Terrorist-style courts may be set up to convict gangland criminals, the Taoiseach Bertie Ahern today told the Dáil.
Minister for Justice Brian Lenihan today briefed the Cabinet on the garda investigation into the weekend murder of armed robber John Daly in a taxi in Finglas on Dublin's northside.
The Special Criminal Court was set up during the Troubles in 1972 to try paramilitary groups on the evidence of senior gardaí.
Mr Ahern said that gun murder investigations were being hampered by witnesses unwilling to give evidence because of intimidation by gangs.

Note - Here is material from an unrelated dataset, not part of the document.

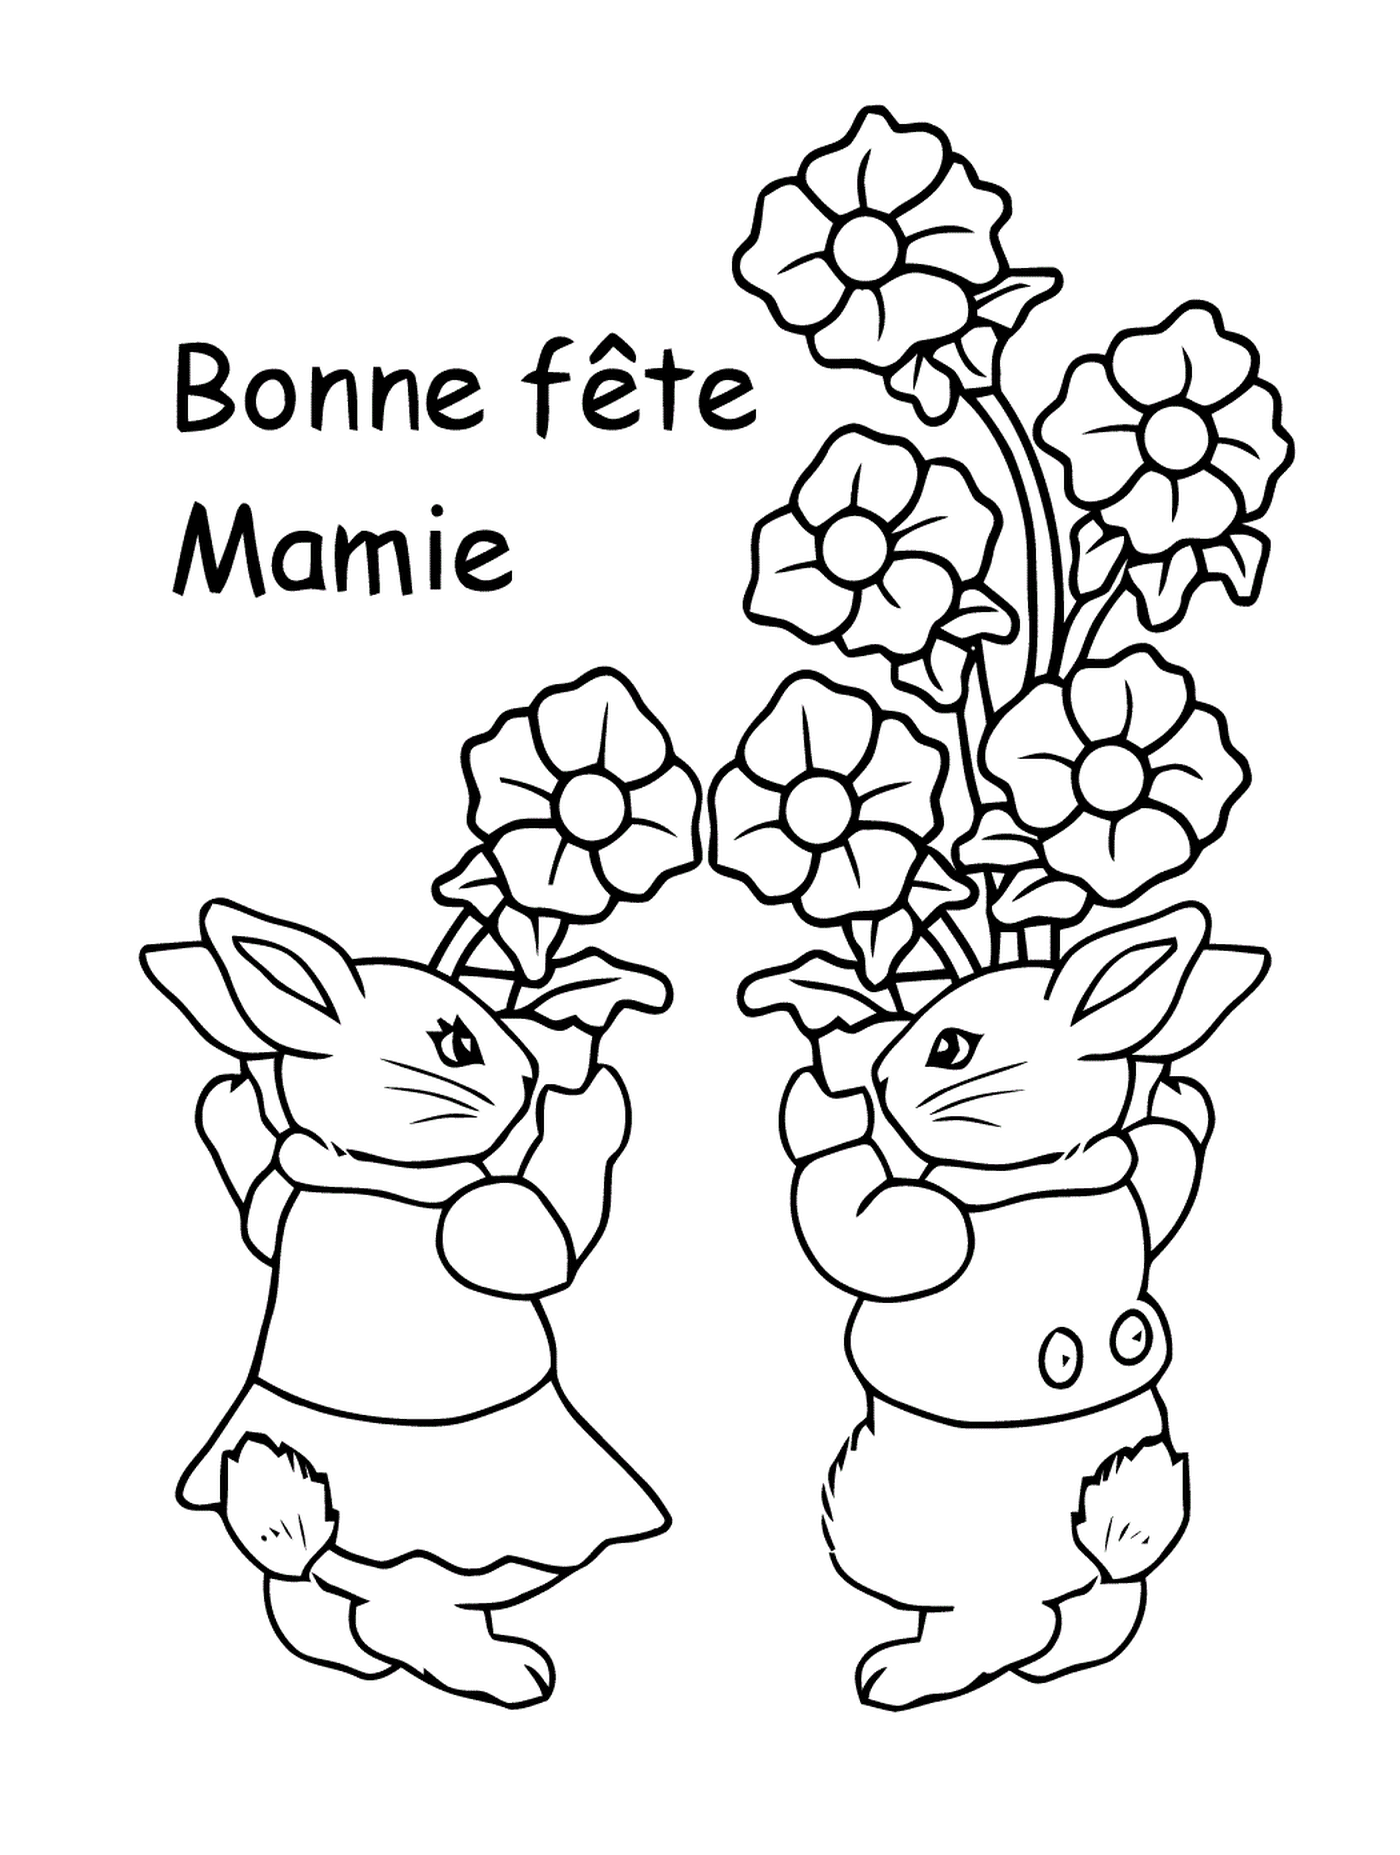   Deux lapins tenant un bouquet de fleurs

He said: "We've seen how the Special Criminal Court worked in the past where it's on the word of members of gardaí who have the information and these are things we have to look at.
"But they're not entirely the kind of things that I would like to operate. But if gangs continue to try to do what they're doing then we as legislators will be forced to look at some of these issues.
"But we have to consider them carefully."
Mr Ahern said that detection rates in non-gangland related murders were more successful because of greater co-operation from the community.
He added: "Those that are threatened won't speak. Associates of those killed won't speak. Not even when it is in their own interests, to save their own lives, will they co-operate. That is creating a lot of pressure for the gardai.
"Gardaí need evidence. The system is an evidence-based system. But they are finding it horrendously difficult in Dublin and in at least one other city. But that doesn't mean gardai are giving up.
"The gardaí can't be in every driveway, in every pub car park, on every highway, watching every known criminal. They just can't do that."
Labour leader Eamon Gilmore called for the expansion of the witness protection programme to cover gangland crimes, legislation to outlaw membership of criminal gangs and for the full implementation of the National Drugs Strategy.
He added: "Gardaí are not on top of it because they're not in the community. We don't have a system of community policing that people can be in touch with.
"Since you became Taoiseach there are children who are born, 10 years ago, who are on a conveyor belt to criminal activity. Growing up on crime. The people who deal with them know where their future is heading.
Fine Gael leader Enda Kenny said that everybody in the country recognises that Ireland has become a far less civilised place to live in over the last ten years.
"In that time gun crime has doubled, trebled, quadrupled. Gun murders are six times what they were in 1998 and detection is down by 75 per cent. Conviction rates have fallen and it seems that zero tolerance is a long gone, distant memory. It appears that the Taoiseach has given up on this job."
He told TDs that geography, environment and local circumstances all dictate that the John Daly's of this world die because of the inability of the Government to deal with gangland crime.